1C-Softclub ci riporta sui campi di battaglia della prima guerra mondiale con uno strategico ben fatto

Versione analizzata: PC
recensione Men of War: Condemned Heroes
Articolo a cura di
    Disponibile per:
  • Pc

Durante la seconda guerra mondiale vennero alla luce delle unità militari molto particolari, impiegate soprattutto per missioni estremamente pericolose e quasi suicide, come la bonifica dei campi minati oppure l'assalto o la difesa di obiettivi particolarmente difficili da prendere, ma importanti strategicamente. Fra le loro fila l'indice di mortalità era altissimo ed il loro destino era segnato già in partenza con l'ordine di lasciarli morire sul campo se feriti, in quanto i medici non dovevano occuparsene. Ma chi erano costoro? Stiamo parlando degli Strafbataillon, i battaglioni criminali introdotti nella Wehrmacht, ovvero l'esercito tedesco, e formati da soldati giudicati dalla corte marziale e condannati alla pena di morte. Se costoro riuscivano nell'impresa di rimanere in vita e completare i loro compiti potevano essere "promossi" al rango di soldato normale acquisendone i diritti e sostanzialmente riscattando la loro libertà. Un uomo in particolare vide in tali battaglioni un utile modo per rimpinguare le fila del proprio esercito. Quell'uomo era Stalin, che li introdusse anche all'interno dell'Armata Rossa. E' sulle vicende di tali unità speciali, versante sovietico, che il nuovo Men of War: Condemned Heroes è basato, portandoci ad affrontare pericolose missioni che si snodano lungo l'arco di tempo che va dal 1942 al 1945.

Una guerra al limite

La fortunata serie di Men of War non ha ormai più bisogno di presentazioni essendosi imposta all'attenzione di tutti per molteplici aspetti, che vanno dalla fedeltà della ricostruzione storica alla complessità e profondità del gameplay che letteralmente ha stregato un numero altissimo di giocatori.
In questo nuovo episodio avremo nuovamente da rimboccarci le maniche. Condemned Heroes ci offre cinque campagne in singolo, di cui le

"Già da subito l'estrema difficoltà si fa sentire, facendoci rivivere le terribili esperienze suicide che questi uomini dovevano portare a termine per aver salva la vita."
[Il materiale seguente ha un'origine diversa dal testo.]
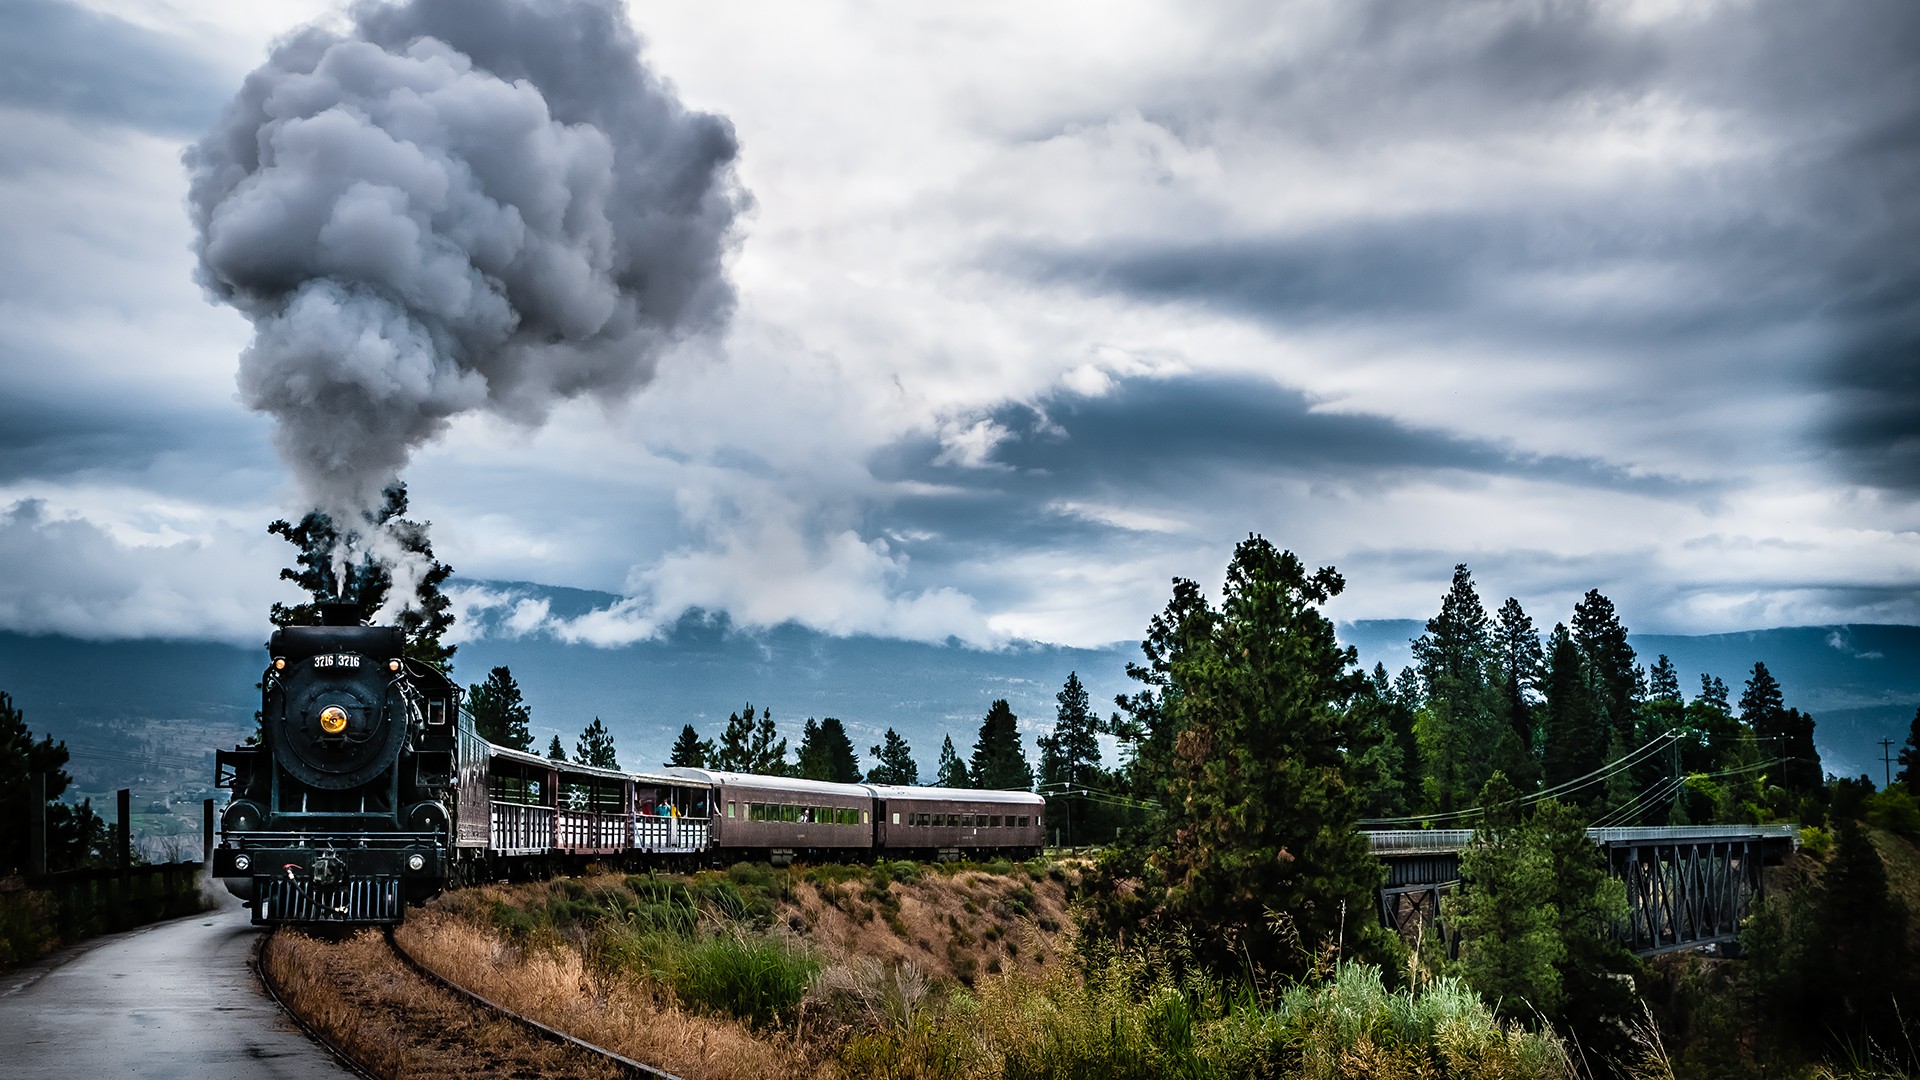 General 1920x1080 train landscape vintage railway Steam Train steam locomotive sky

prime quattro che percorrono dal 1942 al 1945 la storia dei battaglioni penali sovietici. Ciascuna è composta da un numero variabile di missioni (da due a sei). L'ultima invece sarà una campagna per così dire "bonus", che esula dalla storia dei famigerati battaglioni offrendoci situazioni e circostanze diverse. Ad un primo impatto forse il numero di missioni potrà sembrare esiguo, ma la loro complessità e lunghezza, specialmente al livello più alto di difficoltà, farà sudare molti giocatori, garantendo un'ottima longevità. All'esperienza in singolo va poi sempre affiancata la componente multiplayer che va così a completare l'invitante quadro.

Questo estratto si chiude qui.